Thursday, November 5, 2009

Open Letter to Agents

If you readers don't mind, I'd like to take just this single post to address literary agents -- not because I hate them and would like to crush gingerbread men bearing their likenesses into a pulp of sandy crumbs and gumdrops, but because I have something important to say that I think gets overlooked.

Dear Agent,

I know you are overworked; I know you get thousands of query letters a month; and I know you reject 99.9% of them. I know you make your money off selling a writer's work, and I respect, understand and support your pickiness 100%. However, with much respect, I think you misunderstand us a little.

We are the authors who have the spine to write to you in the first place -- and in doing so, we *expect* rejection. It's inherent and inevitable, and yet you insist on sugar-coating your rejection letters as if pleasantries soften the blow.

We take our stories that we've worked on for months and we willingly package them to be flayed and torn apart. It's crazy -- insane! -- for us to be so excited, joyous and nervous about having our heart broken and our 'baby' tossed aside into a sea of rejects, but we're lying to you and ourselves if we can't admit to encouraging the rejection all the same.

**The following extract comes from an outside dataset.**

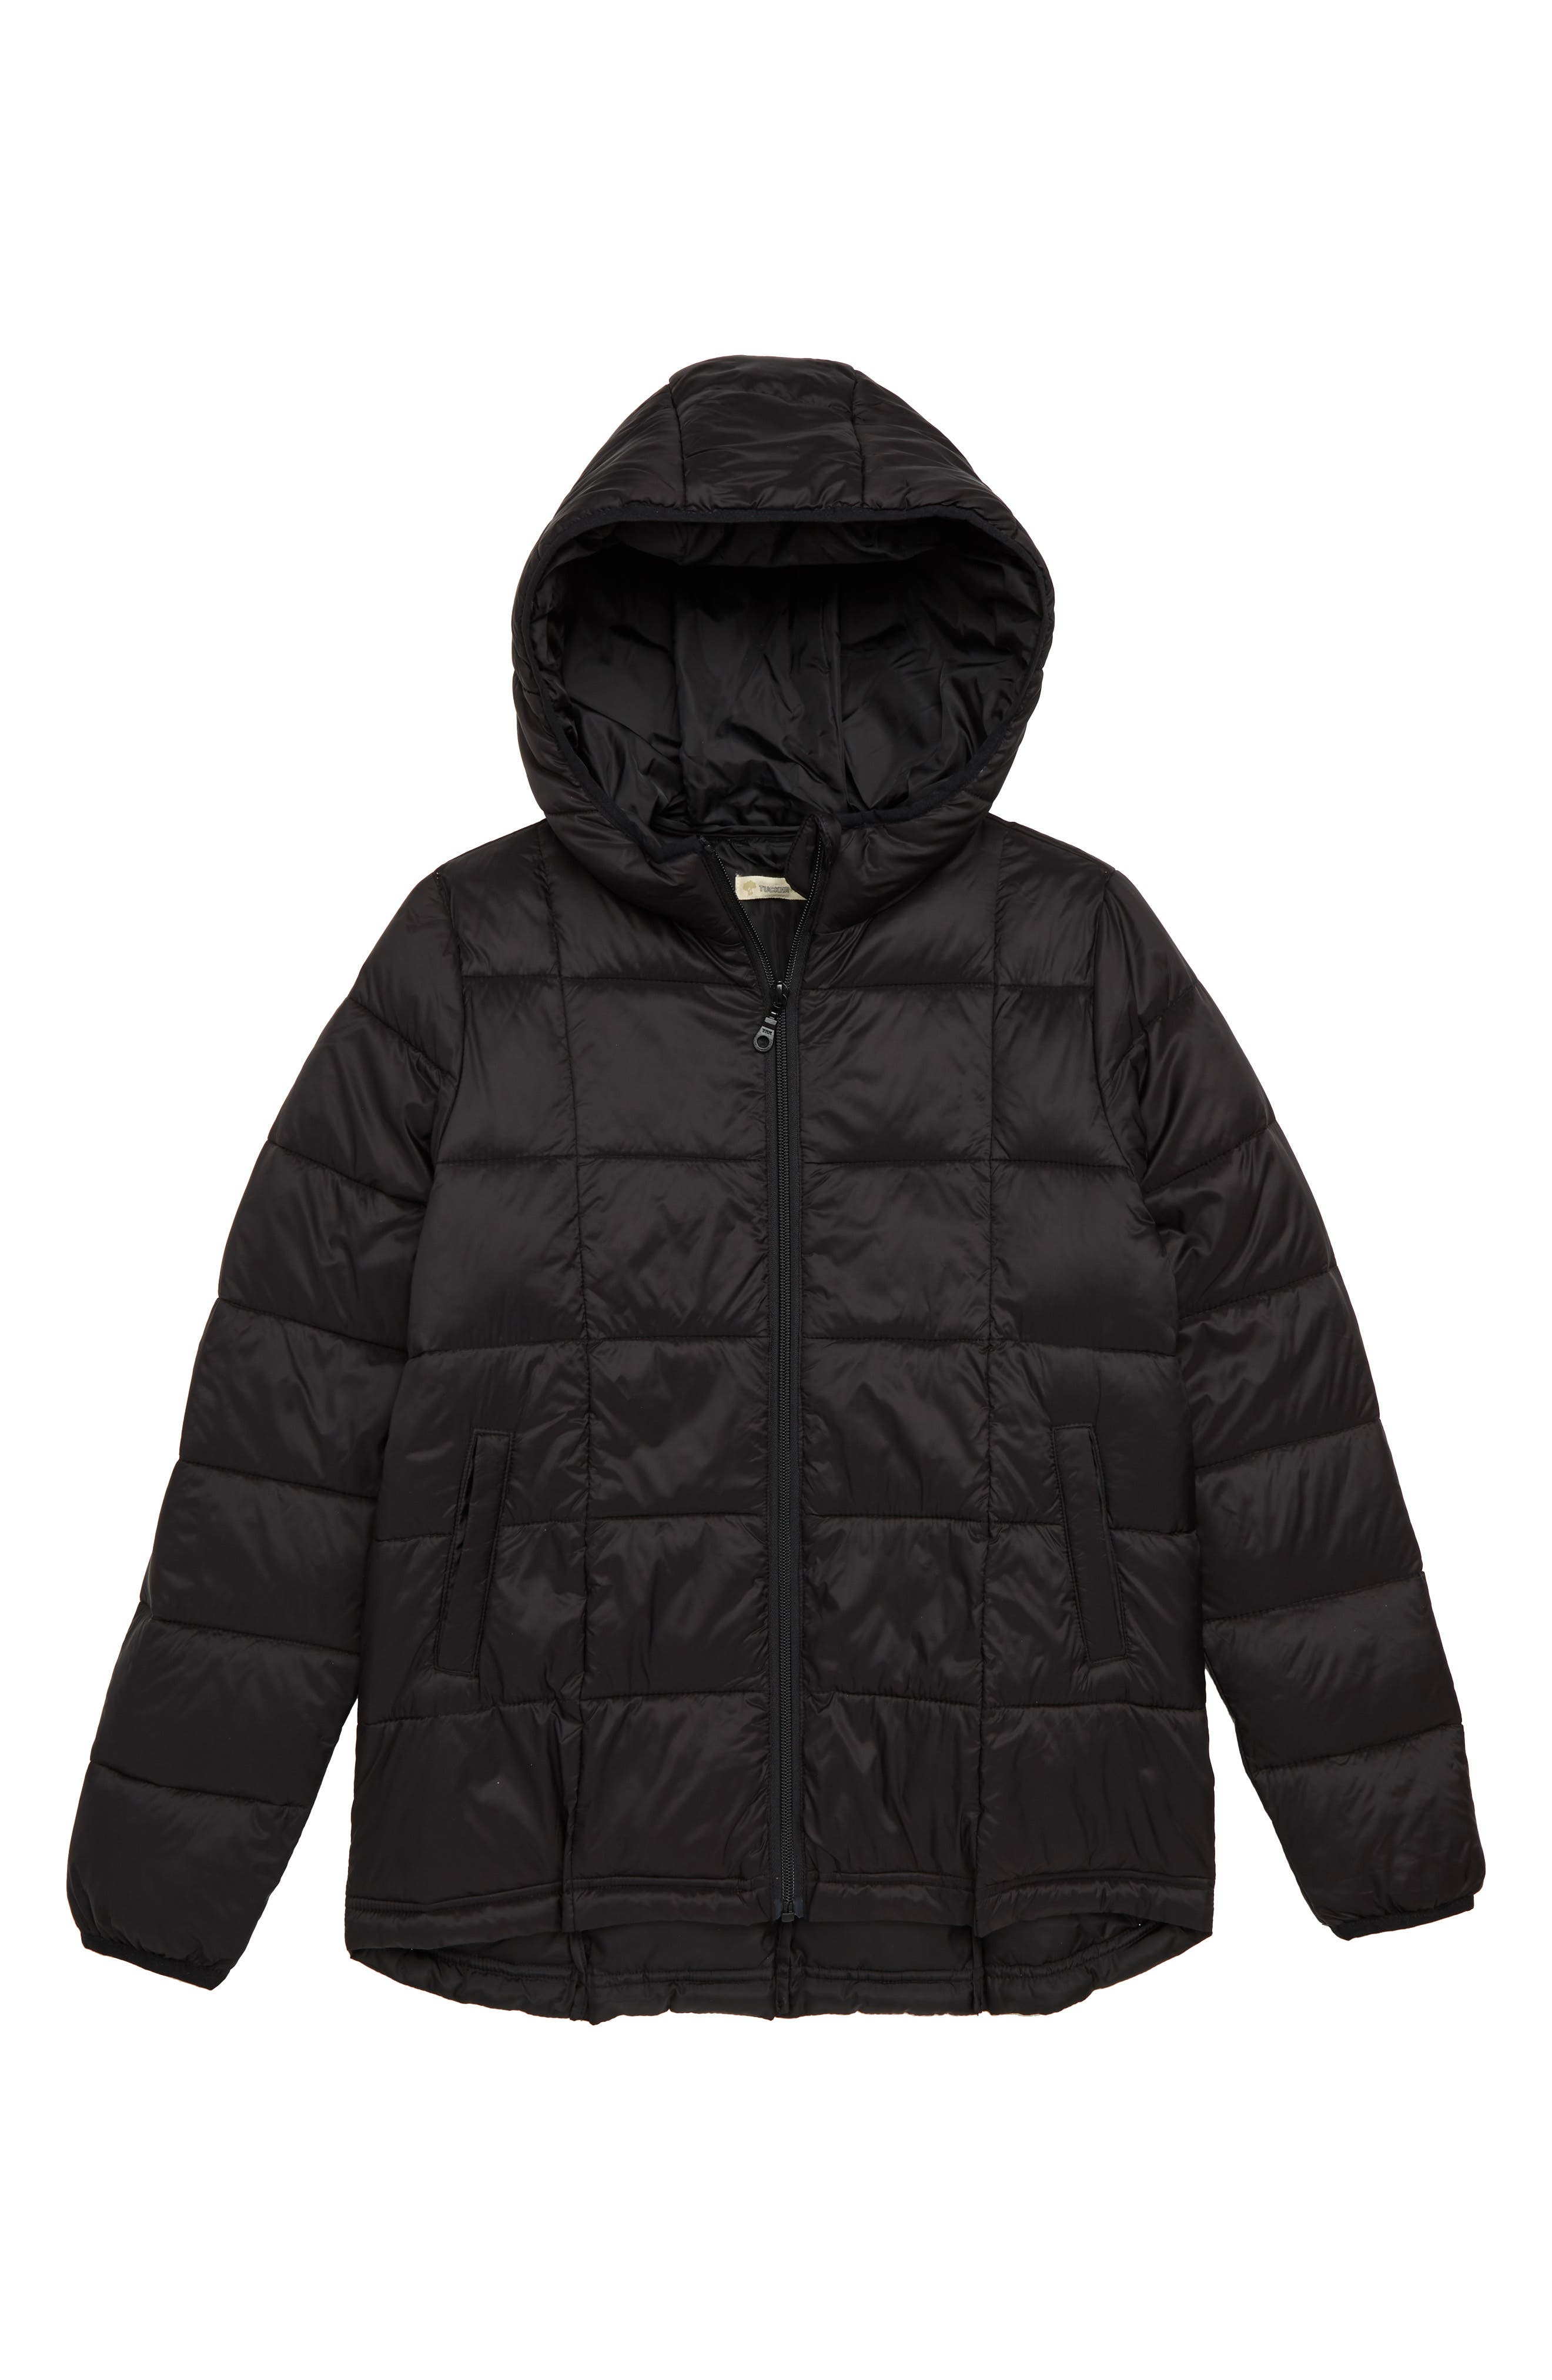 Packable Puffer Jacket,                             Main thumbnail 1, color,                             001

However, that said, we do not care for niceties -- just give it to us straight. We do not need hollow rejection letters with encouraging sentiments telling us to 'assume' you're wrong. And, most of all, we do not want to read page-long generic form letters addressed to 'Author' explaining what you look for in a book with veiled references to how ours did not fit the bill.

That's just mean, and it's not in the least bit helpful, especially when, deep down, we already know you're not right. Don't assume we need your encouragement -- the encouragement of a person who did not see the value in our art. All it engenders is irritability, hurt and an underlying gratitude that you *didn't* find our story interesting enough to pick up, because I can't image anyone would want someone who doesn't love their story to represent it to a publisher.

But, this doesn't mean us writers don't like getting letters from you. On the contrary, it's what keeps us checking our inboxes every 15 minutes of every single day until we get a response.

What do I propose, then? A form letter is fine -- but skip the shallow well-wishes. If you're not going to be specific as to why *my* story isn't piquing your interest, then I would like nothing more or less than a 'Thank you, but your story is not right for me at this time. Good luck.'

So, dear Agent, I appreciate your effort to be helpful and informative in a generic sense, but when it borders on cruel, just skip it altogether, please.

Thank you, and good luck in your search for willing authors to represent.